Pauli and Clifford Groups
=========================

:class:`qecc.Pauli`: Class representing Pauli group elements
------------------------------------------------------------

The class :class:`qecc.Pauli` is used to represent elements of the Pauli group
:math:`\mathcal{P}_n` on :math:`n` qubits. Instances can be constructed by
specifying strings of ``I``, ``X``, ``Y`` and ``Z``, corresponding to the
specification of an operator in the Pauli group.

>>> import qecc as q
>>> P = q.Pauli('X')
>>> print P
i^0 X
>>> Q = q.Pauli('XZZXI')
>>> print Q
i^0 XZZXI
>>> R = q.Pauli('XYZ')
>>> print R
i^0 XYZ

Additionaly, a phase can be provided.

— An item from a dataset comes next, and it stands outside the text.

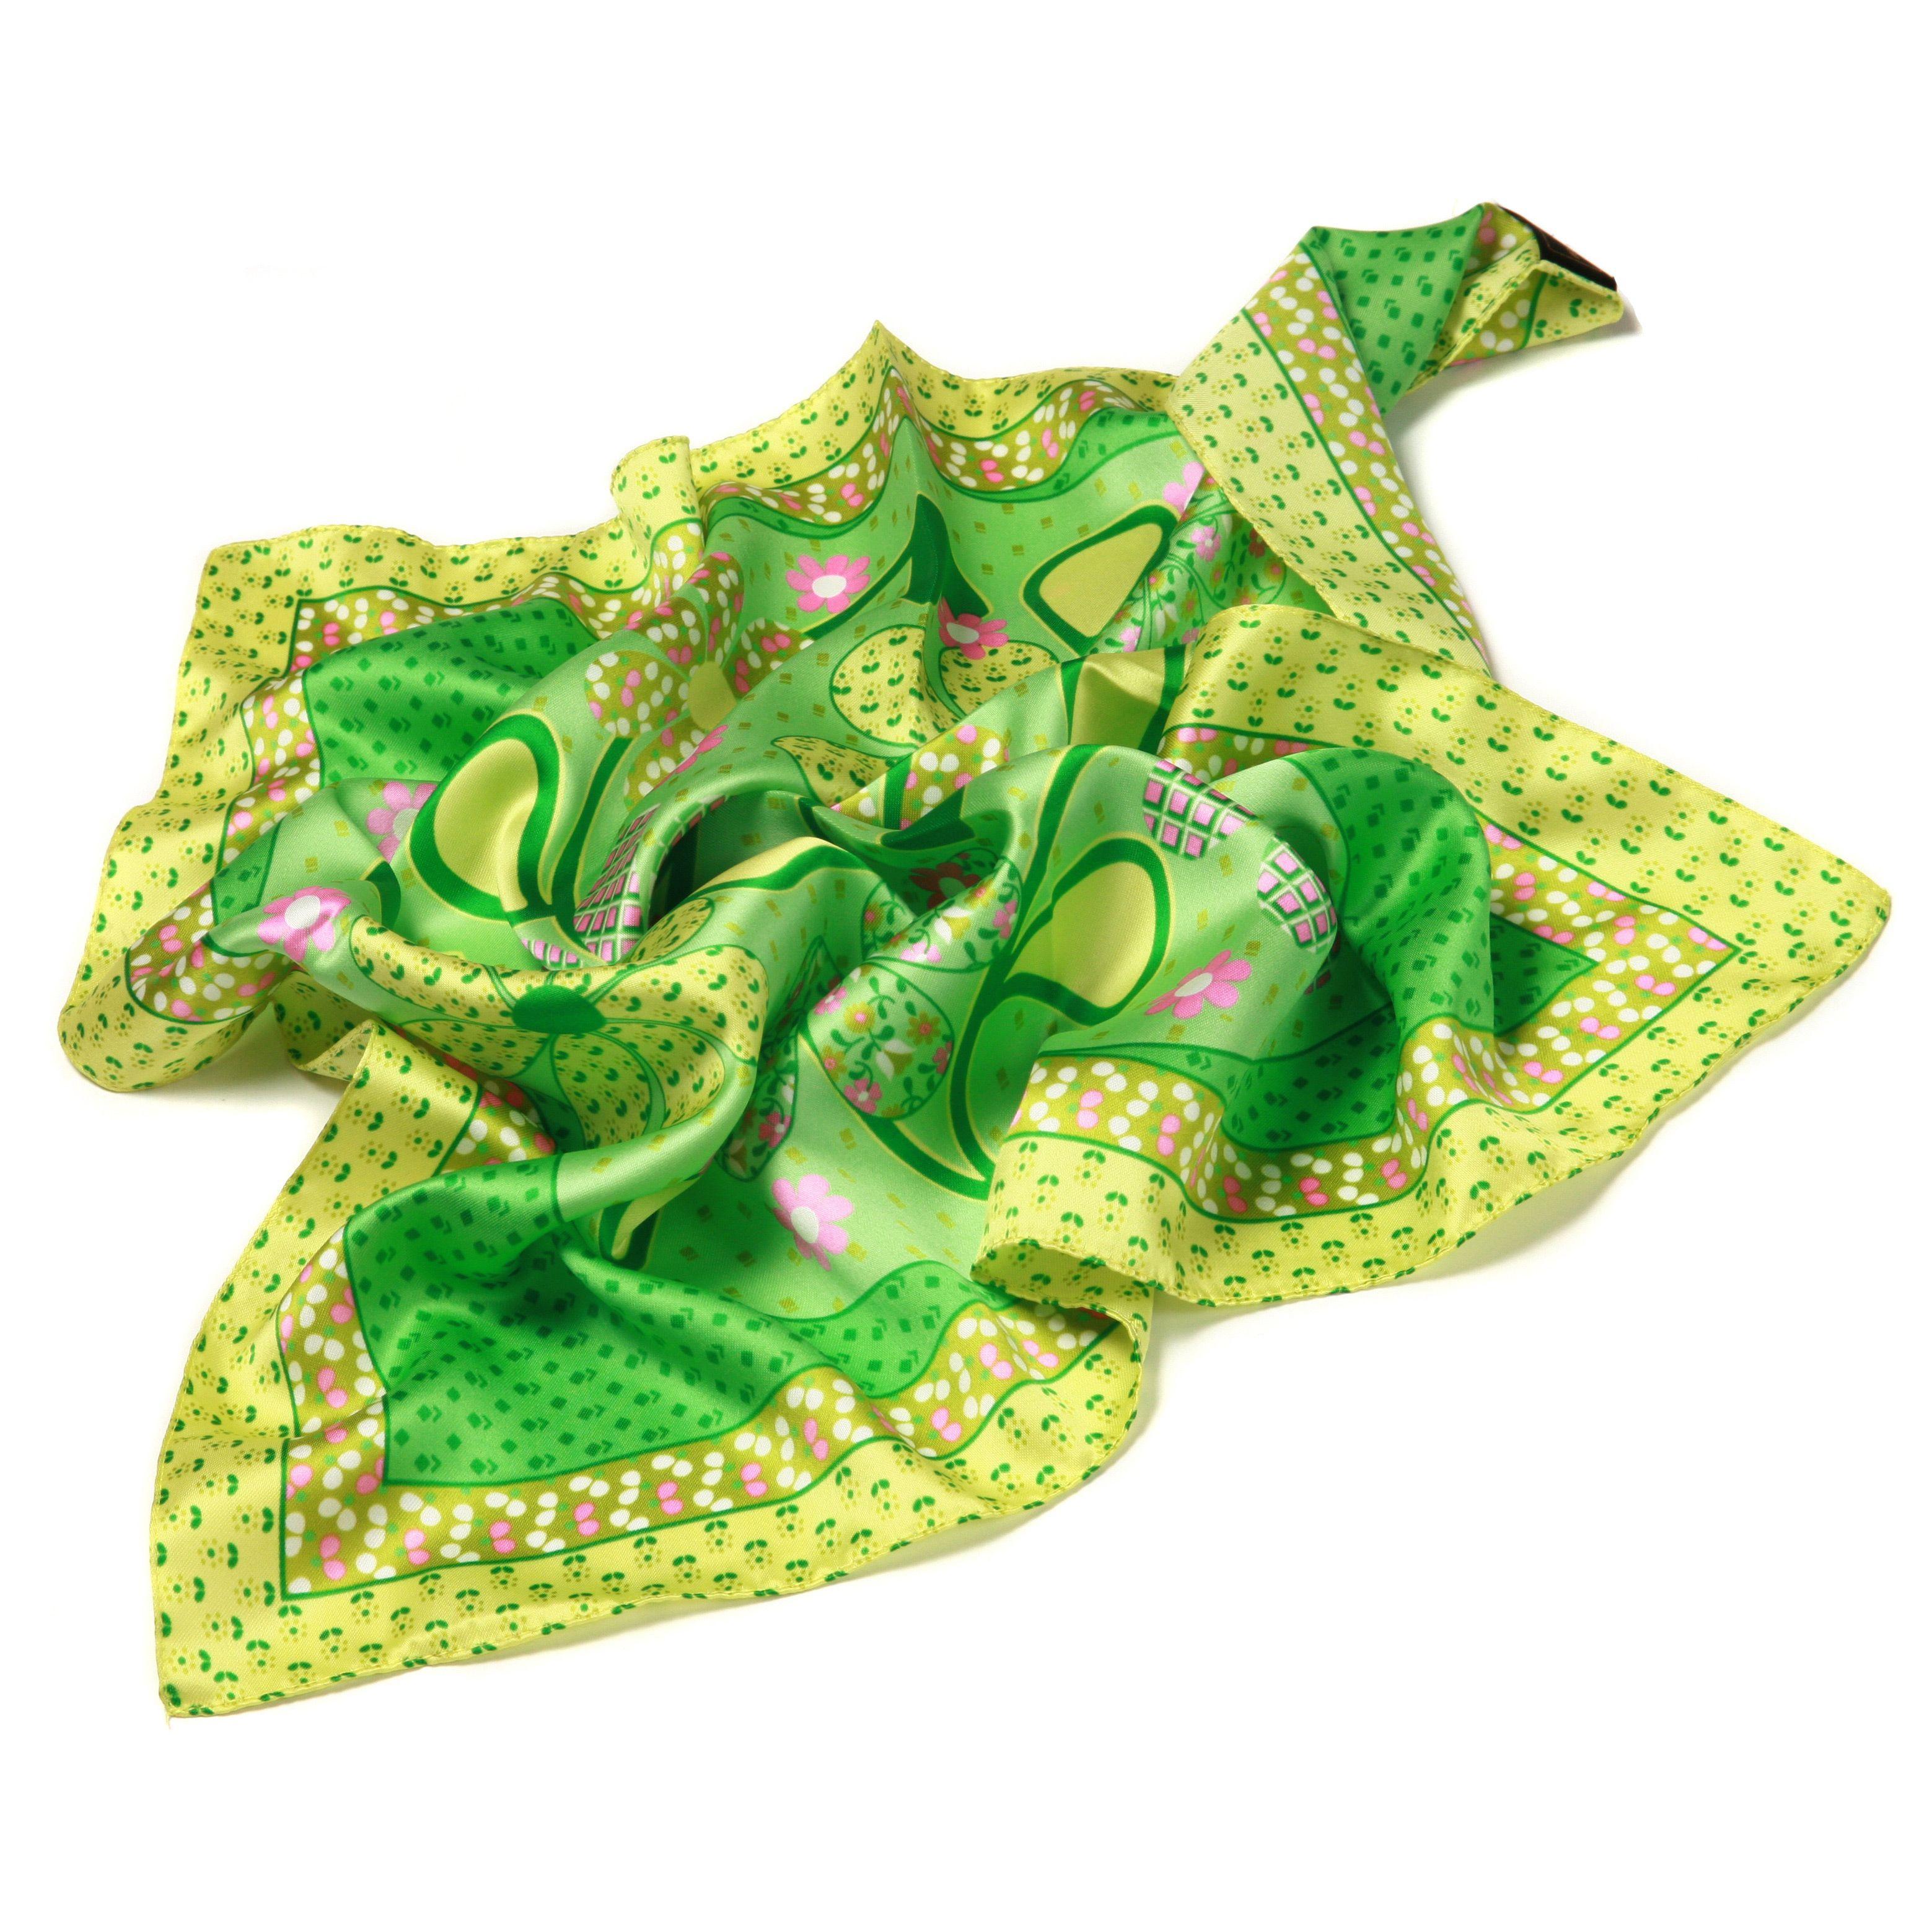 Шейный платок Fattorseta Солнечные цветы в теплых оттенках зеленого
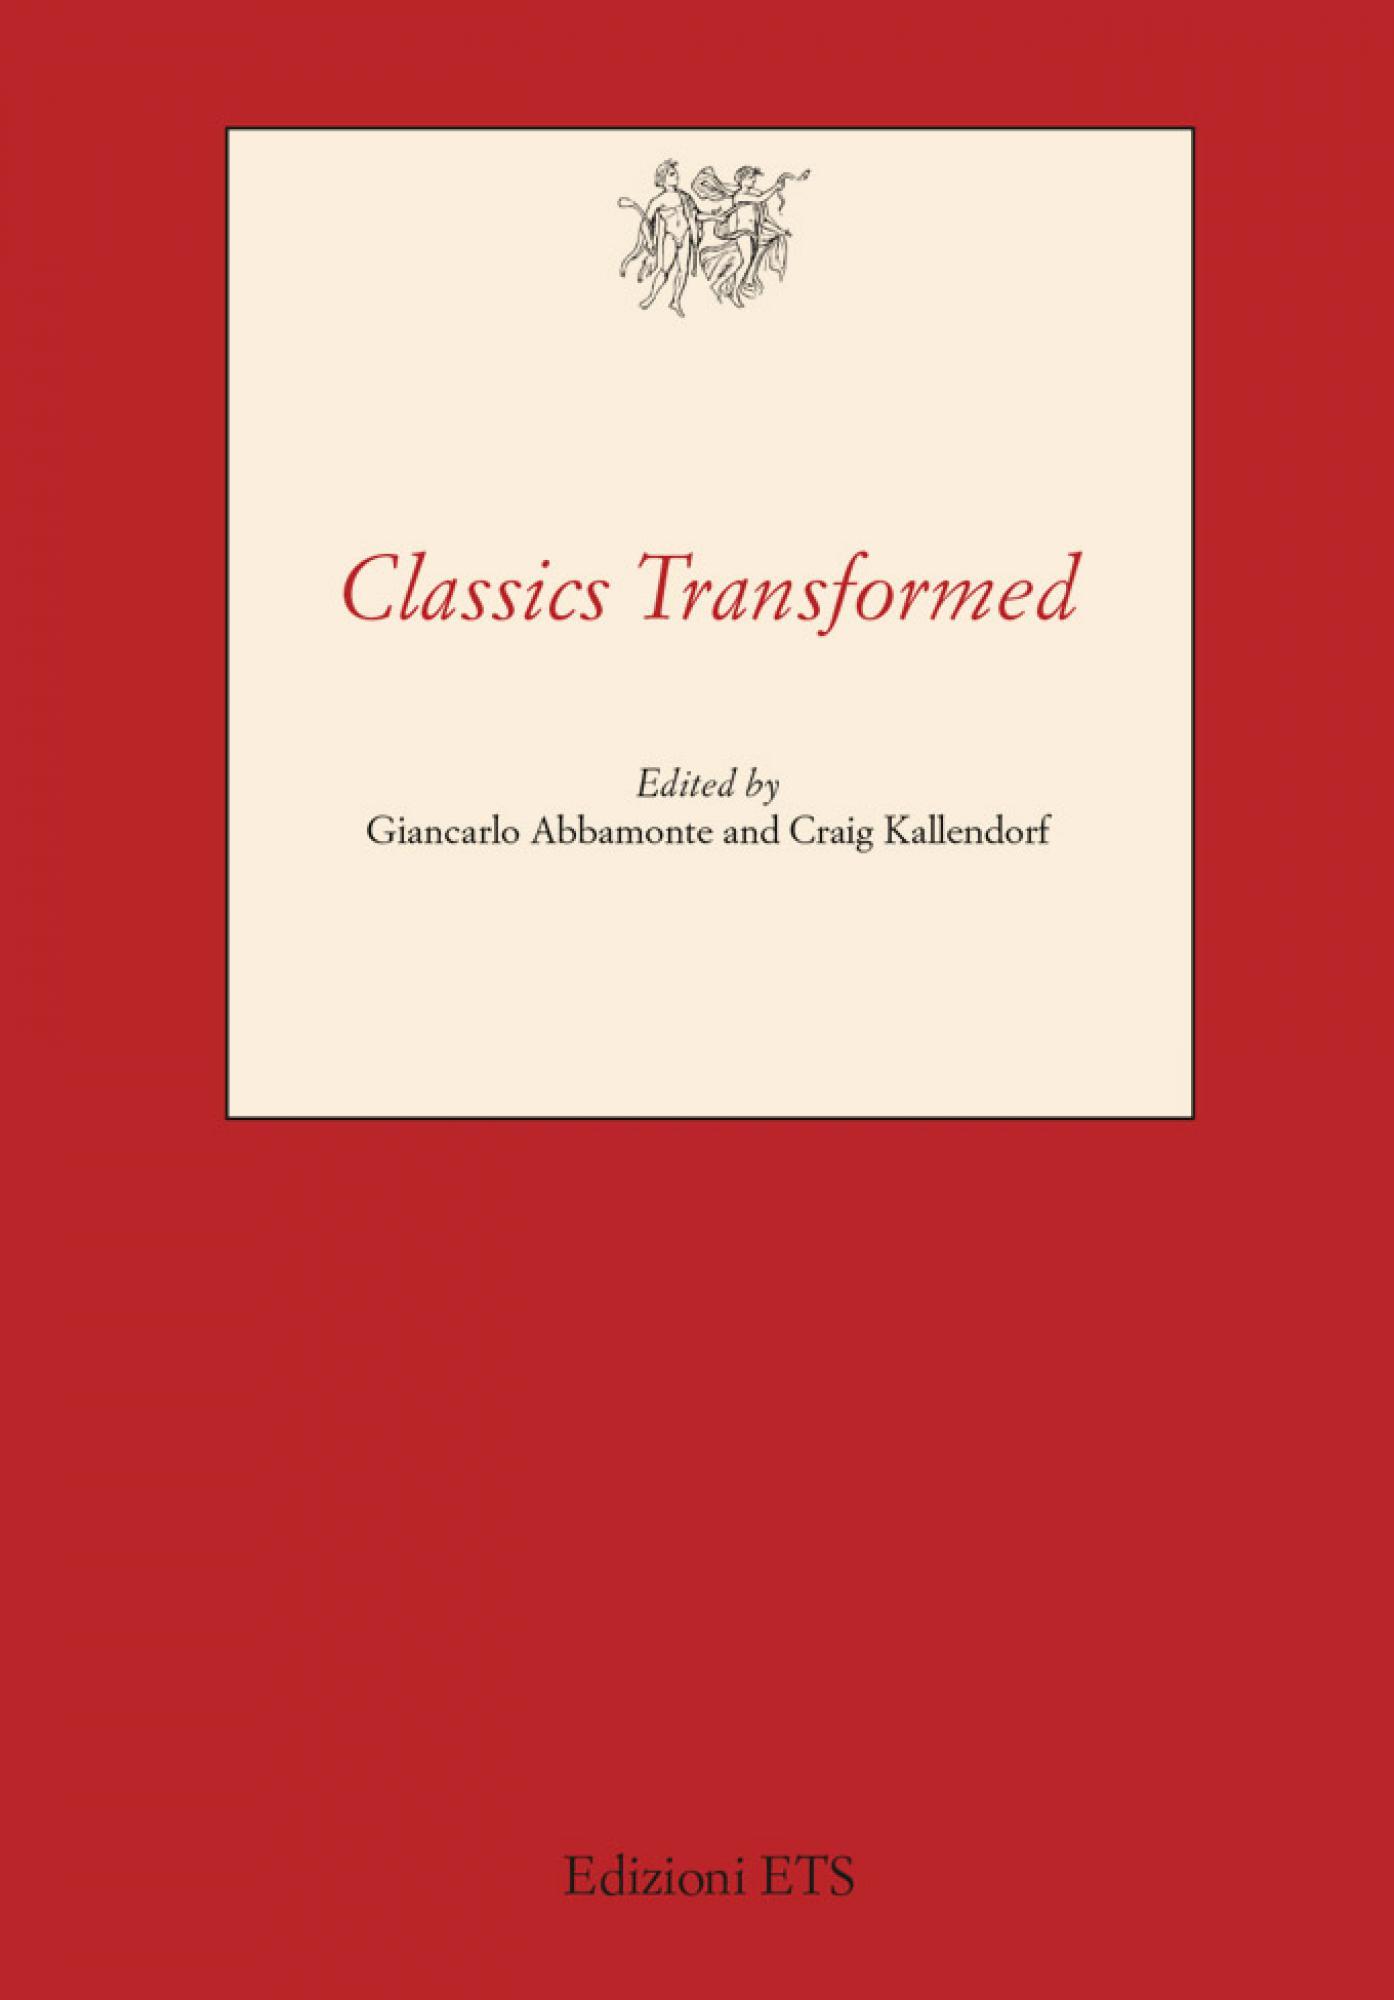 Classics Transformed

Since only integer powers of :math:`i` are
allowed as phases, the phase of a :class:`qecc.Pauli` instance is represented
by an integer in ``range(4)``. Any other integer is converted to an integer
in that range that is equivalent mod 4.

>>> print q.Pauli('X', 2)
i^2 X

The :class:`qecc.Pauli` class supports multiplication, tensor products and
negation by the ``*``, ``&`` and ``-`` operators, respectively.

>>> import qecc
>>> P = qecc.Pauli('X')
>>> Q = qecc.Pauli('Y')
>>> P * Q
i^1 Z
>>> P & Q
i^0 XY
>>> -P * Q
i^3 Z

Using these operators, it is straightforward to construct instances of
:class:`qecc.Pauli` from existing instances. To make this easier, QuaEC provides
single-qubit operators ``I``, ``X``, ``Y`` and ``Z``.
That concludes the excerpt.